Personal Impressions of the Grand Canyon of the Colorado is a book collected and compiled by GK Woods of the personal impressions left by Captain John Hance’s guests during the 1890s. It was published for GK Woods, Flagstaff, Arizona Territory by the Whitaker & Ray Company of San Francisco in 1899. The book is particularly interesting to river runners of the Grand Canyon. It is fun to compare and contrast what visitors think about the Grand Canyon today with those who visited it over 100 years ago. As a river guide some of the comments below could be taken out of a personal river guest log this past summer. Moreover Captain John Hance is a legend to river runners because of his tent camp and guiding, his famous storytelling, the asbestos mines, and the rapid that has taken his name.
Captain John Hance moved to the Grand Canyon from Tennessee in 1883 looking to make his fortune mining the walls of the Grand Canyon. After a huge amount of work building trails and mining a small amount of Copper and Asbestos, Hance realized there was much more gold and silver in the tourists pockets who were starting to flock to Grand Canyon. Hance turned his life work toward being a guide and hotelier. He built the first tent camp on the rim of the Grand Canyon and placed an ad in the Flagstaff Paper explaining his expertise in showing guests the Grand Canyon. With a hiking trail connecting rim to river already in place from mining, Hance was successful from the beginning of this endeavor.

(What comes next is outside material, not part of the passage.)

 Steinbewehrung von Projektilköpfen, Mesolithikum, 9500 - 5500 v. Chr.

Hance was known for spinning tall tales around the campfire at night or anytime he had an audience. Apparently he would of been a great poker player because many new visitors to the Grand Canyon believed every word he said. Some of his more famous tales include telling guests the Grand Canyon is so hot at the bottom that the wings of flies melt off, about the time he rode his trusty mule across the cloud filled Grand Canyon, and how he single handedly dug the Grand Canyon. One time during this storytelling a young girl tugged at Hance’s shirt and asked what happened to all the dirt. For the first time in his life Hance was lost for words. Supposedly Hance’s last words were “yeah, what did I do with all that dirt.”
From his guestbook it is clear that Captain John Hance was an amazing guide, storyteller, and overall good guy. His guests loved him and he loved the Grand Canyon. John Hance passed away in 1919 which is the same year that Grand Canyon became a National Park. Hance is buried in the small cemetery on the South Rim. In addition Hance Rapid is named after the Captain.

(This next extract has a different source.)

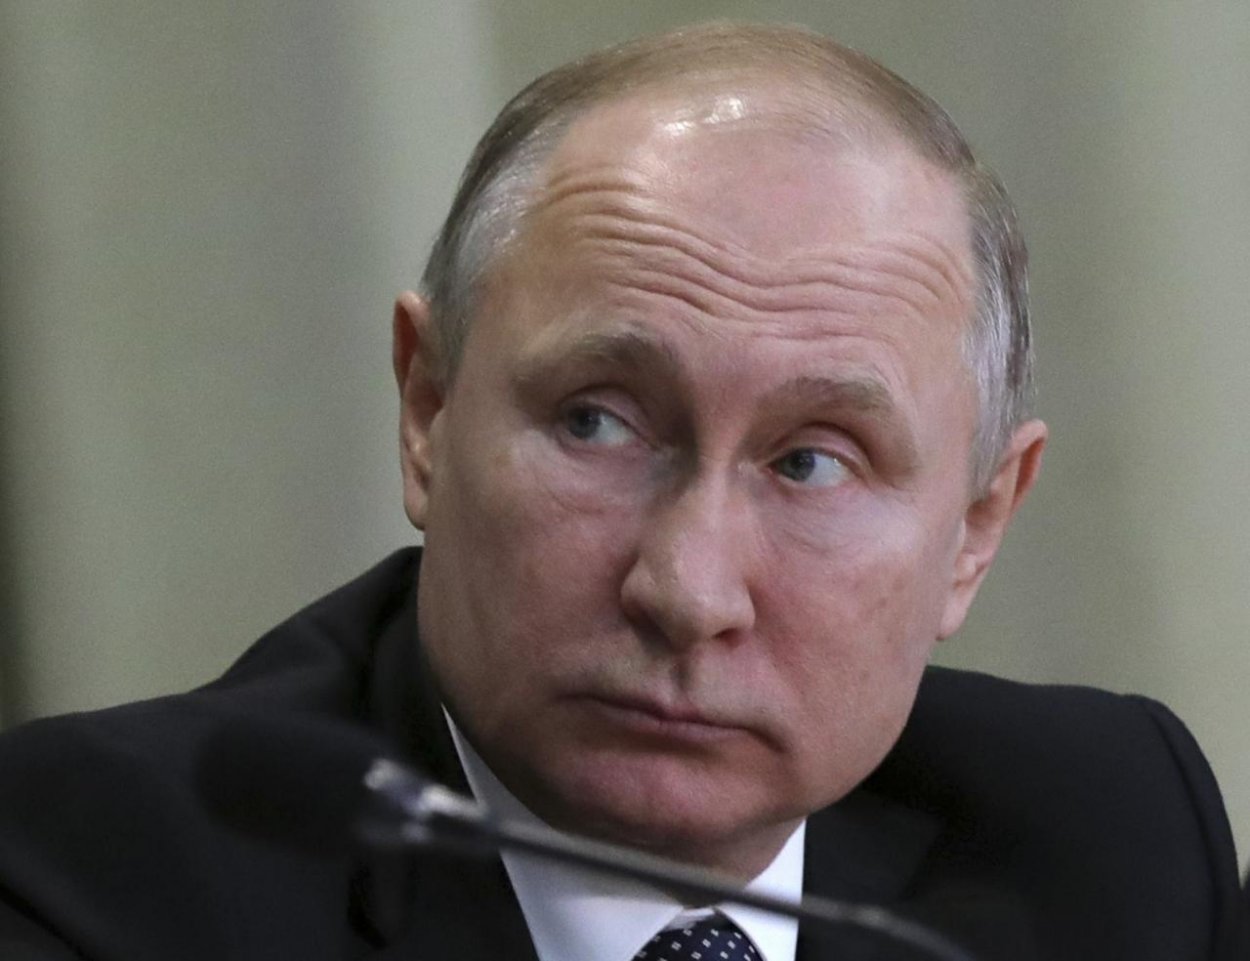 Putin podpísal návrh zákona o „suverénnom internete“​

A Sample of Personal Impressions From John Hance’s Private Guest Book:
“I can cheerfully say that this, the Grand Canon of the Colorado River, is the grandest sight of my life-as I noticed in this little book of Capt. John Hance, a great many people say indescribable. I can say no more.”

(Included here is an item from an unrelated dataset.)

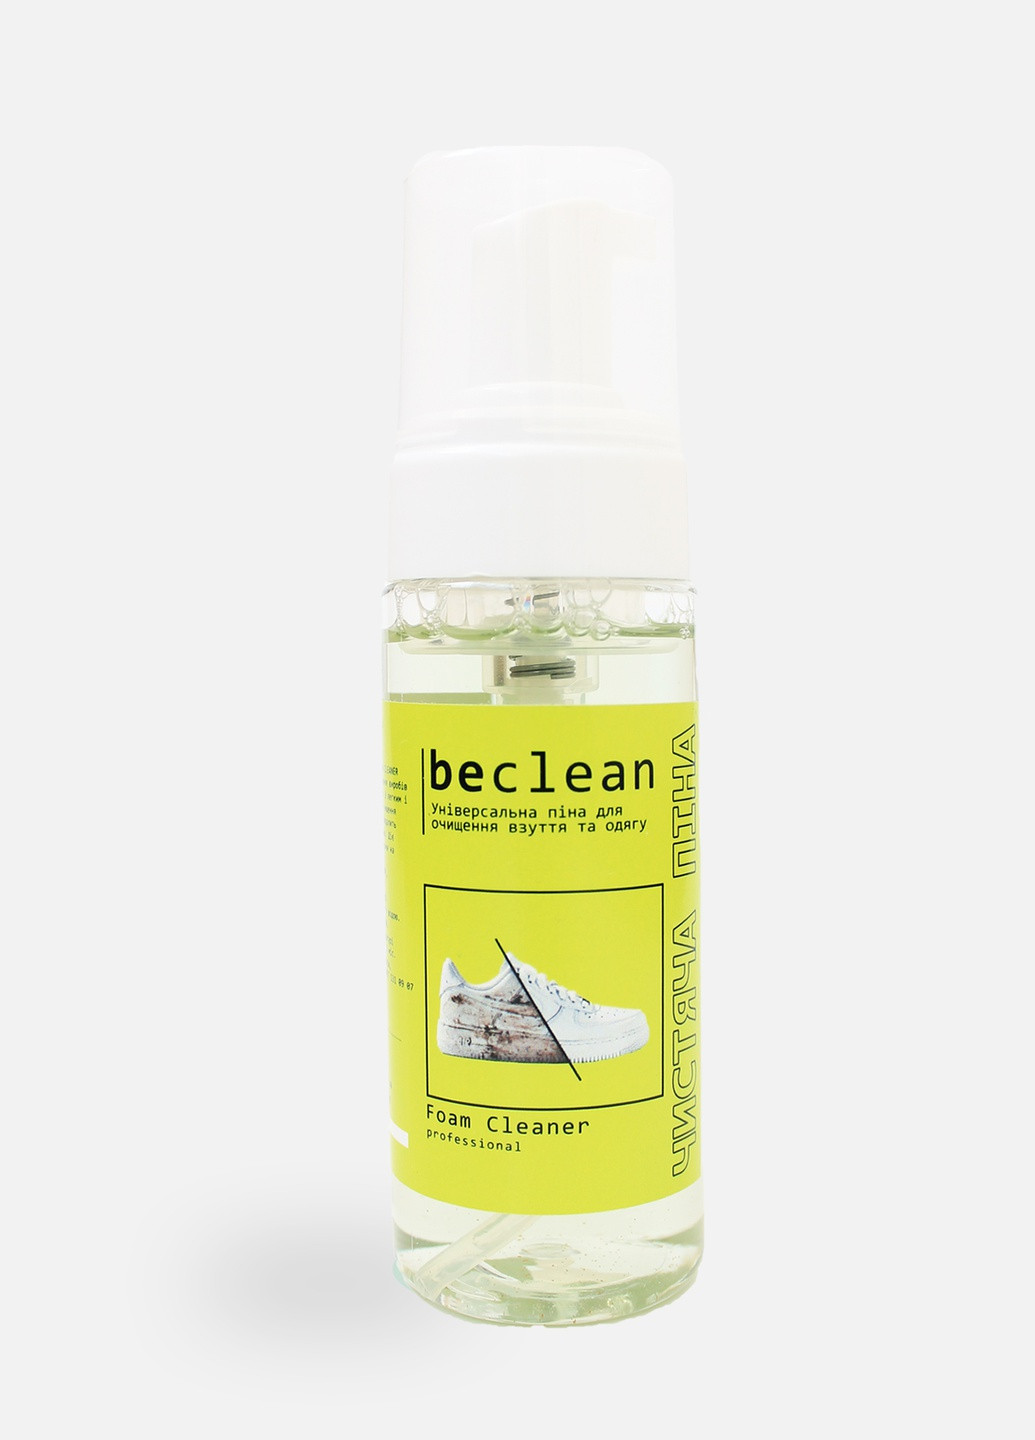 FOAM CLEANER - Профессиональная чистящая пена для обуви и одежды Beclean

Mrs. Geo. T. Dornliff, Illinois May 20, 1891
“By all means visit the Grand Canon of the Colorado River, in Arizona. See Hance, too.”
E.R. Herman, California September 1891
“Of all the sights in the world this is the greatest sight I ever have seen. Words cannot tell the grandeur, beauty, immensity, and sublimity of this wonderful production of Nature’s own work. I would advise all tourists to visit this canon. You cannot be disappointed. The beautiful forests we travel through going to the canon is worth the trip alone. I am coming again to stop here for a month. I have visited many places, but this beats them all. Good-by.”
O.S. Gardner, Massachusetts October 13, 1891
“Intended to come last fall with Geological Congress, but am contented to open the ball for 1892, “Mente et Malleo,” as a special correspondent of Scientific American. Went down Hance trail with Mr. Boucher, and stayed overnight, returning next day; enjoyed it immensely. Found the trail in excellent order, and made the trip comfortably”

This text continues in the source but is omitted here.